Parenting: What Helps Parents with Stress?

Parenting: What Helps Parents with Stress?

Common Concerns of Parents:

Worry: “Am I doing the right thing?”
Exasperation: “I can’t stand my child’s attitude/behavior/bad habit”
Guilt: “I made a mistake with my child.  Will it have long-term repercussions?”
“I don’t have enough time to . . . I am so tired!”
Overwhelm: “How can I care for my child’s needs when mine seem forgotten?”
Hope: “Can we keep a good parent-child relationship going throughout life?”

Parenting . . .possibly THE most important, and hardest, job in the world!  How can we do it well without endlessly questioning ourselves? We already live pretty stressed lives in an all too stressed world. We need to take good care of ourselves so that we can teach and role-model to our children what we want them to learn. Many of us are working full-time as well as parenting. This means that we need more than ever to expand our capacity for self-care. However, if you are like most parents, you will say:  “I can only take care of myself after I have taken care of . . . ” You probably secretly already know that needs to be the other way around. But, how do we do this without feeling guilty and being irresponsible? We accomplish good self care by understanding its value, and by teaching and modeling it for our children.

Some parents lack confidence about their ability to teach or model what they were never taught or modeled. EMDR therapy can be very helpful in learning new and practicing skills.  We technically call this work “performance enhancement” work.  EMDR has had very good results with this positive approach to the future almost from the beginning of it’s discovery (though it’s true that the first application was for trauma).

It is a rewarding task to involve children in understanding their needs, and even very small children can contribute valuably to a family discussion. It is often surprising to learn that we can meet our children’s needs once we have asked them what those needs are. Most children can tell us and are very happy to be asked. For example, a 5 year old daughter told her mother how much better she would feel having a little “love note” from Mom when she returned home from school. It took this mom less than 2 minutes to help her feel important and loved. It is positive to teach children different ways to handle multiple demands. This takes prioritizing, having clear limits and boundaries, and knowing when to say no, ask for help, or delegate.

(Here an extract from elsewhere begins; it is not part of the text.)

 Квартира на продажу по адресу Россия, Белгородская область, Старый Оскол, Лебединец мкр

Children can be so much more cooperative when they can see and understand everything that has to be done. Parents too feel so much better when they get a little help. After all, what feels better than family cooperation! Children can feel very proud of themselves for helping, and they don’t even realize how they are learning cooperation, management skills, self-care and self-responsibility. And in the process the parent-child relationship grows stronger.

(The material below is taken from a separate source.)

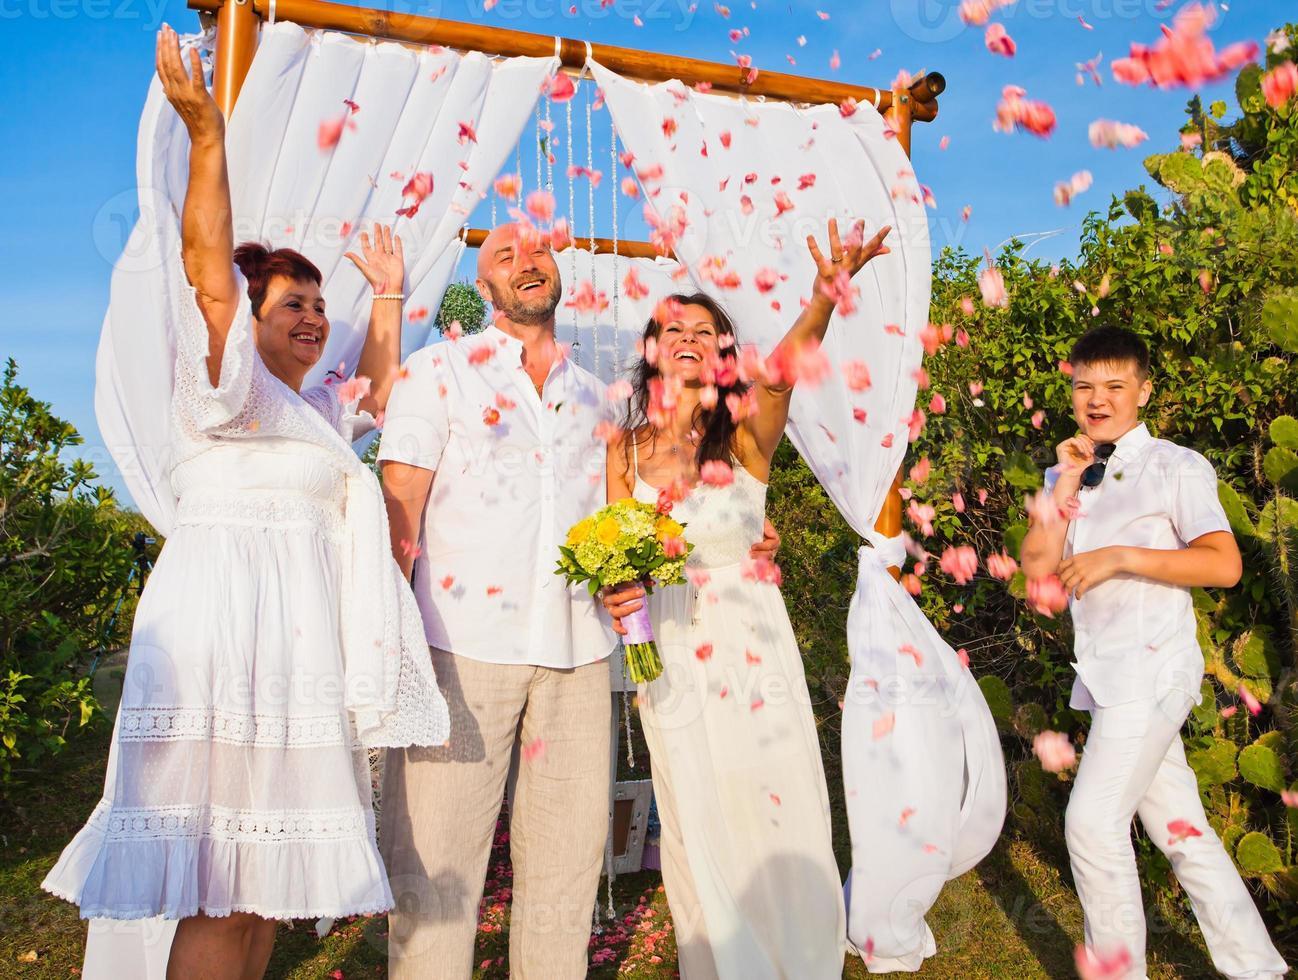 cérémonie de mariage d'un couple mature et de leur famille photo

Another aspect that goes a very long way is attitude. While most parents are tired at the end of the day, a child happy to see you come home helps rejuvenate your energy. A few minutes spent talking together about the day helps everyone to feel connected. Even making a game of going to the grocery store together makes a routine chore so much better. Everyone needs fun and laughter during their day. After all, being grumpy does not make things that need to be done feel any better.

This leads to homework. Helping with homework may be the last thing (if you are honest with yourself) that a parent may want to do after a long day’s work. However, the parent who keeps involved with their child’s school work helps a child to feel that their work/homework is valuable to their parent. A child who knows that their parents are familiar with and care about their “job” (which is to learn) is more likely to do his best. In the long run, this is time- and energy-saving for parents. It is easier to prevent a problem than to deal with one after it is established.

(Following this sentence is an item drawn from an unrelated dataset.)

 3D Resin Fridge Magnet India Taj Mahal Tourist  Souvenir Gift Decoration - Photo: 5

Participating in homework need not be a pressure.  You do not need to do the work for your child.  Simply sit near your child during the homework session, and be available as needed.  This is very supportive.  Let your child know you are proud of his or her efforts.  This does much to build self-esteem, when you focus on the efforts and do not stress greatly about the results.

Teens have similar needs, though they may take new forms. Even though they would like us to believe that they are grown-up and don’t need us anymore, experience shows otherwise. Current research shows that the teenage brain will not achieve maturity until 25! So increasingly graduated responsibility makes sense, and provides safety.

Few teens will admit they need us, and when they do it is always on their time schedule, not ours. Achieving this is a delicate balance, but, again, can help remove worry. A wise parent will meet the needs when the teen expresses them, if at all possible. It it’s not possible, the parent can say, “your needs are important. Can we make a date to do this in an hour, or tomorrow?” And then be sure you do follow through, to maintain the trust of your son or daughter.

If you have questions about your particular parenting challenge or how you could improve your parent-child relationship, just scheduling a consultation with an EMDR therapist specializing in the treatment of children can be so positive and helpful. If the children and teens can be listened to, and feel heard, many problems can be avoided. Taking good care of ourselves should always be a high priority. Sometimes that means getting some professional help for our challenges and stresses that relate to our relationships as parents with our children.